Recently at the AMP Lab, we’ve been focused on building application frameworks on top of the BDAS stack. Projects like GraphX, MLlib/MLI, Shark, and BlinkDB have leveraged the lower layers of the stack to provide interactive analytics at unprecedented scale across a variety of application domains. One of the projects that we have focused on over the last several months we have been calling “ML Pipelines”, an extension of our earlier work on MLlib and is a component of MLbase.
In real-world applications – both academic and industrial – use of a machine learning algorithm is only one component of a predictive analytic workflow. Pre-processing steps and considerations about production deployment must also be taken into account. For example, in text classification, preprocessing steps like n-gram extraction, and TF-IDF feature weighting are often necessary before training of a classification model like an SVM. When it comes time to deploy the model, your system must not only know the SVM weights to apply to input features, but also how to get your raw data into the same format that the model is trained on.
The simple example above is typical of a task like text categorization, but let’s take a look at a typical pipeline for image classification:
This more complicated pipeline, inspired by this paper, is representative of what is done commonly done in practice. More examples can be found in this paper. The pipeline consists of several components. First, relevant features are identified after whitening via K-means. Next, featurization of the input images happens via convolution, rectification, and summarization via pooling.
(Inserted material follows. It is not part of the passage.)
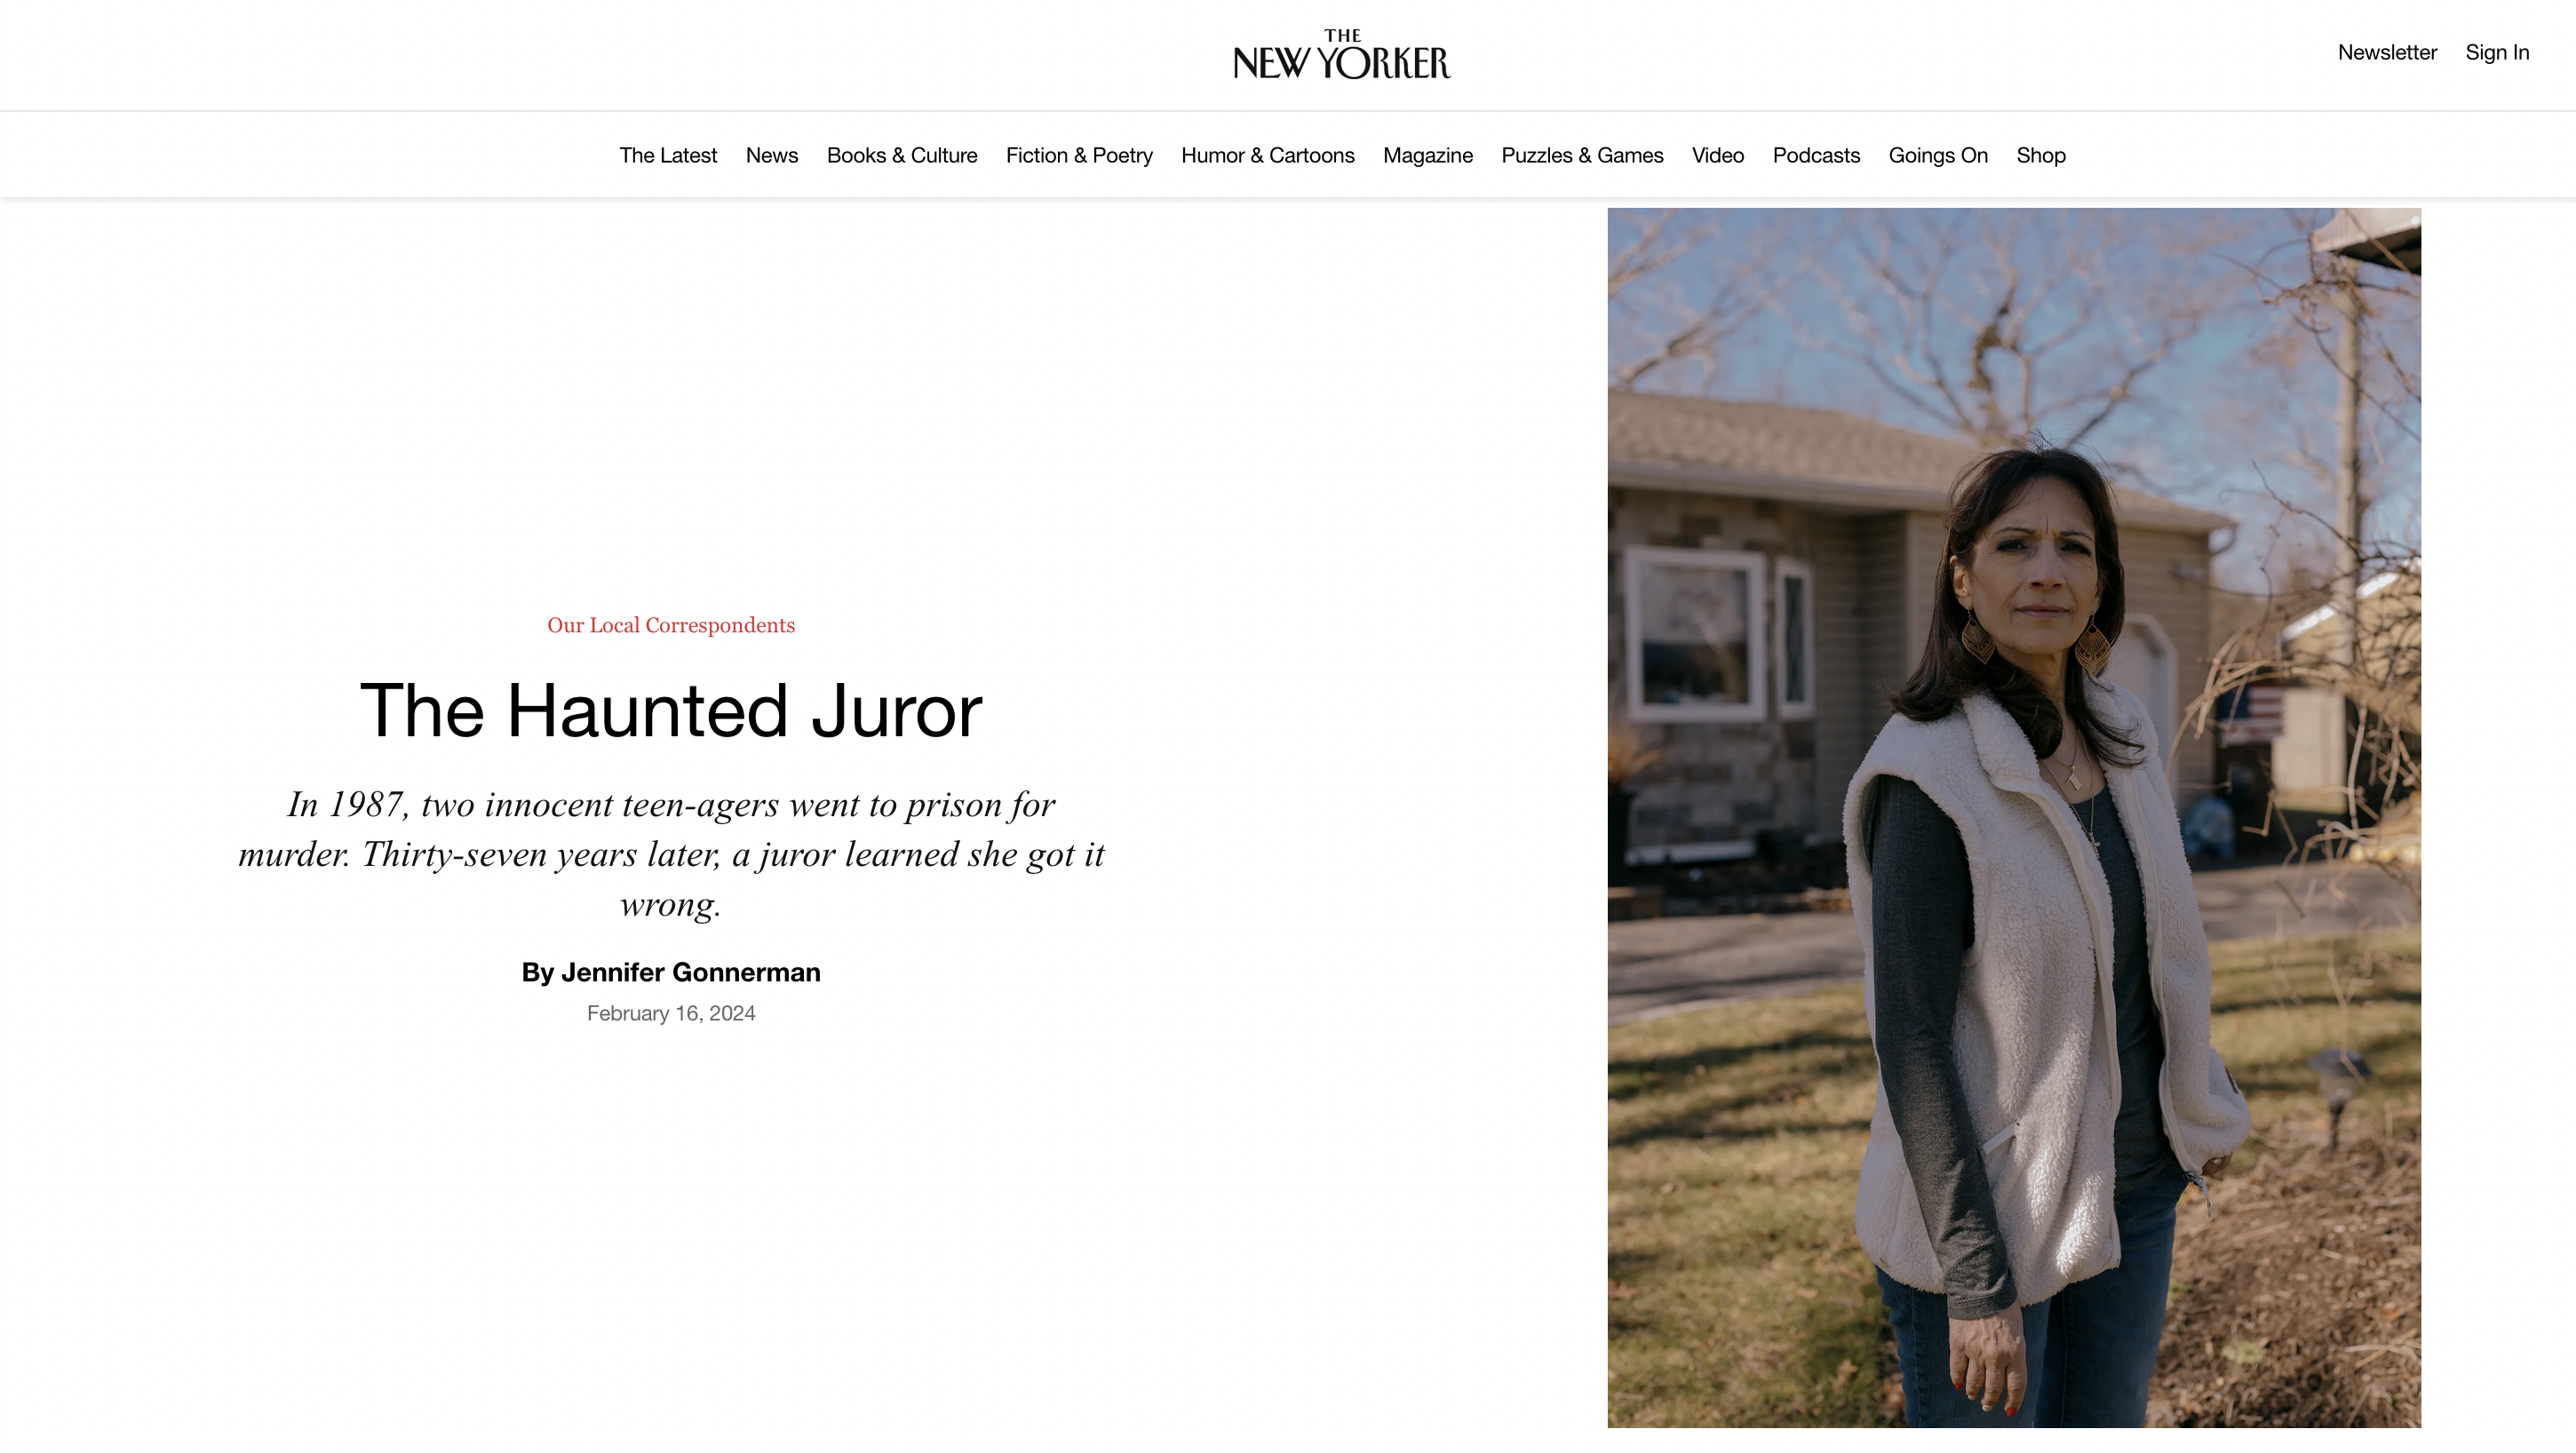 for The New Yorker: The Haunted Juror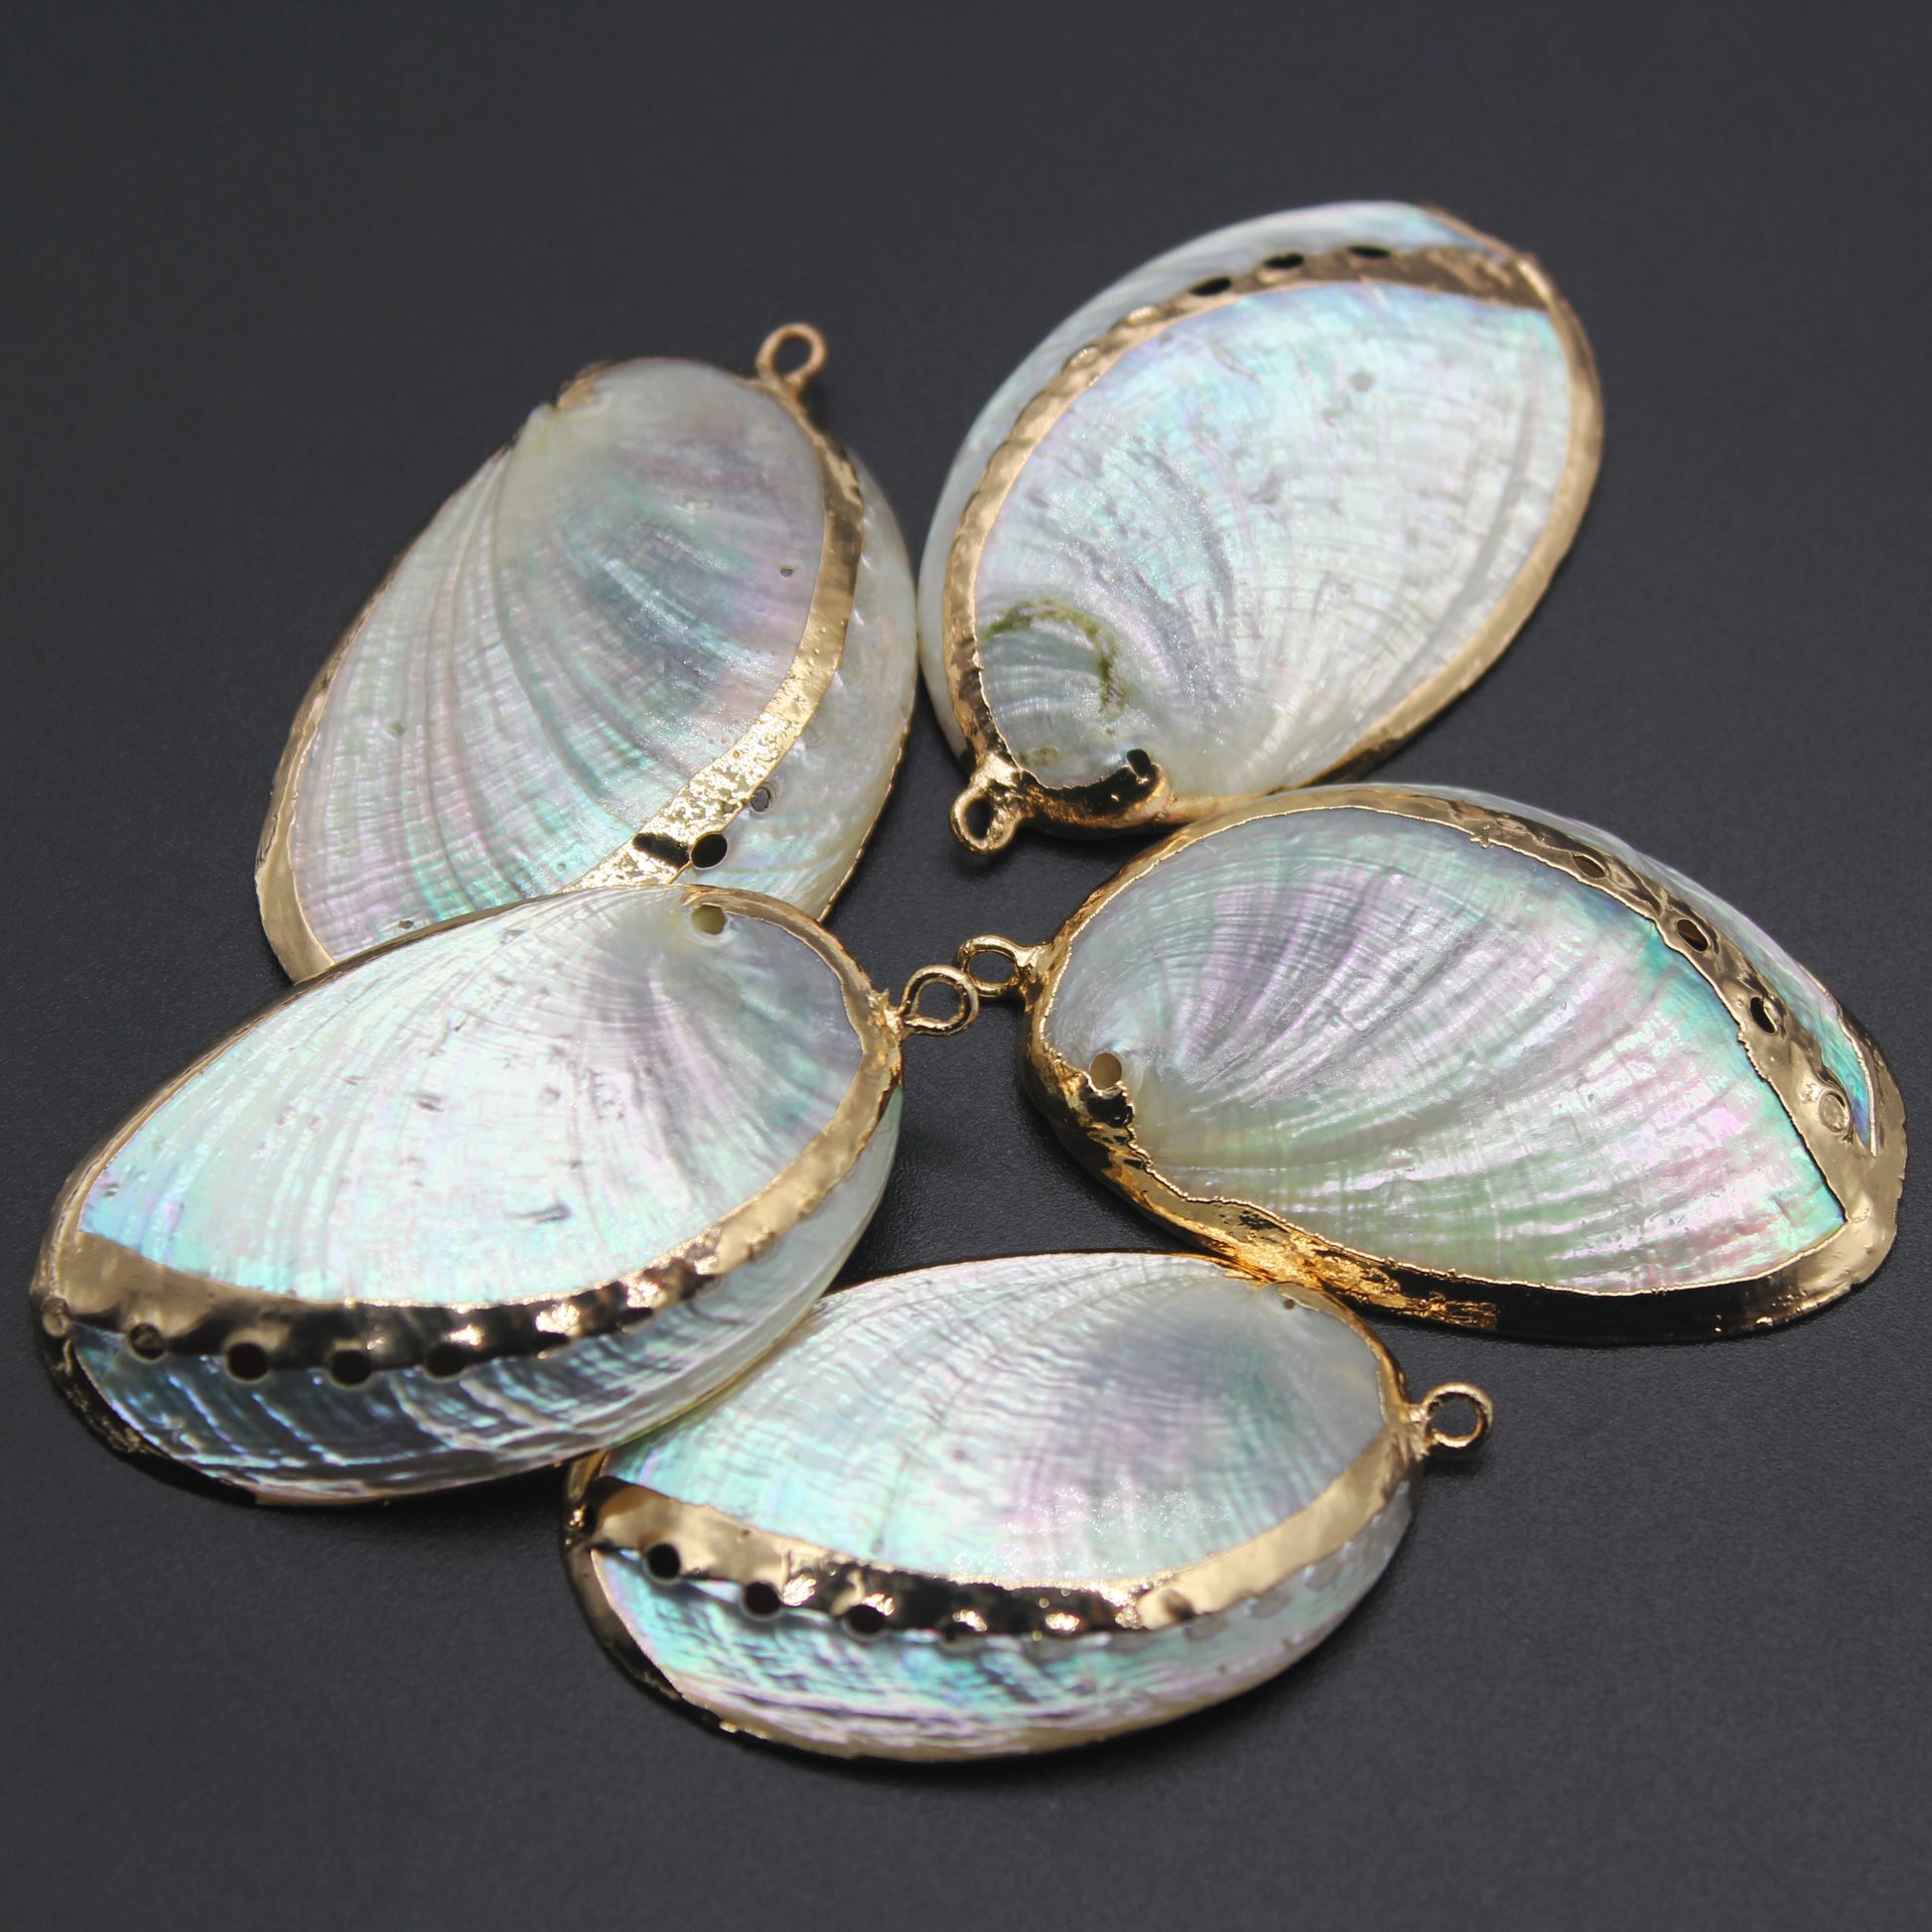 Natural Abalone Shell Pendant Beads Personality Ornaments For Jewelry Making DIY Necklace Earring Bracelet Handmade Accessories - Charlie Dolly

Then, the data is in a format ready to be used by a machine learning algorithm – in this case a simple (but extremely fast) linear solver. Finally, we can apply the model to held-out data to evaluate its effectiveness.
This example pipeline consists of operations that are predominantly data-parallel, which implies that running at the scale of terabytes of input images is something that can be achieved easily with Spark. Our system provides fast distributed implementations of these components, provides a APIs for parameterizing and arranging them, and executes them efficiently over a cluster of machines using Spark.
It worth noting that the schematic we’ve shown above starts to look a lot like a query plan in a database system. We plan to explore using techniques from the database systems literature to automate assembly and optimization of these plans by the system, but this is future work.
The ML Pipelines project leverages Apache Spark and MLlib and provides a few key features to make the construction of large scale learning pipelines something that is within reach of academics, data scientists, and developers who are not experts in distributed systems or the implementation of machine learning algorithms. These features are:
- Pipeline Construction Framework – A DSL for the construction of pipelines that includes concepts of “Nodes” and “Pipelines”, where Nodes are data transformation steps and pipelines are a DAG of these nodes. Pipelines become objects that can be saved out and applied in real-time to new data.
- Examples Nodes – We have implemented a number of example nodes that include domain specific feature transformers (like Daisy and Hog features in image processing) general purpose transformers (like the FFT and Convolutions), as well as statistical utilities and nodes which call into machine learning algorithms provided by MLlib. While we haven’t implemented it, we point out that one “node” could be a so called deep neural network – one possible step in a production workload for predictive analytics
- Distributed Matrixes – A fast distributed linear algebra library, with several linear solvers that provide both approximate and exact solutions to large systems of linear equations. Algorithms like block coordinate descent and TSQR and knowledge of the full processing pipeline allow us to apply optimizations like late-materialization of features to scale to feature spaces that can be arbitrarily large.
- End-to-end Pipelines – We have created a number of examples that demonstrate the system working end-to-end from raw image, text, and (soon) speech data, which reproduce state-of-the art research results.
This work is part of our ongoing research efforts to simplify access to machine learning and predictive analytics at scale. Watch this space for information about an open-source preview of the software.
This concept of treating complex machine learning workflows a composition of dataflow operators is something that is coming up in a number of systems. Both scikit-learn and GraphLab have the concept of pipelines built into their system. Meanwhile, at the lab we’re working closely with the Spark community to integrate these features into a future release.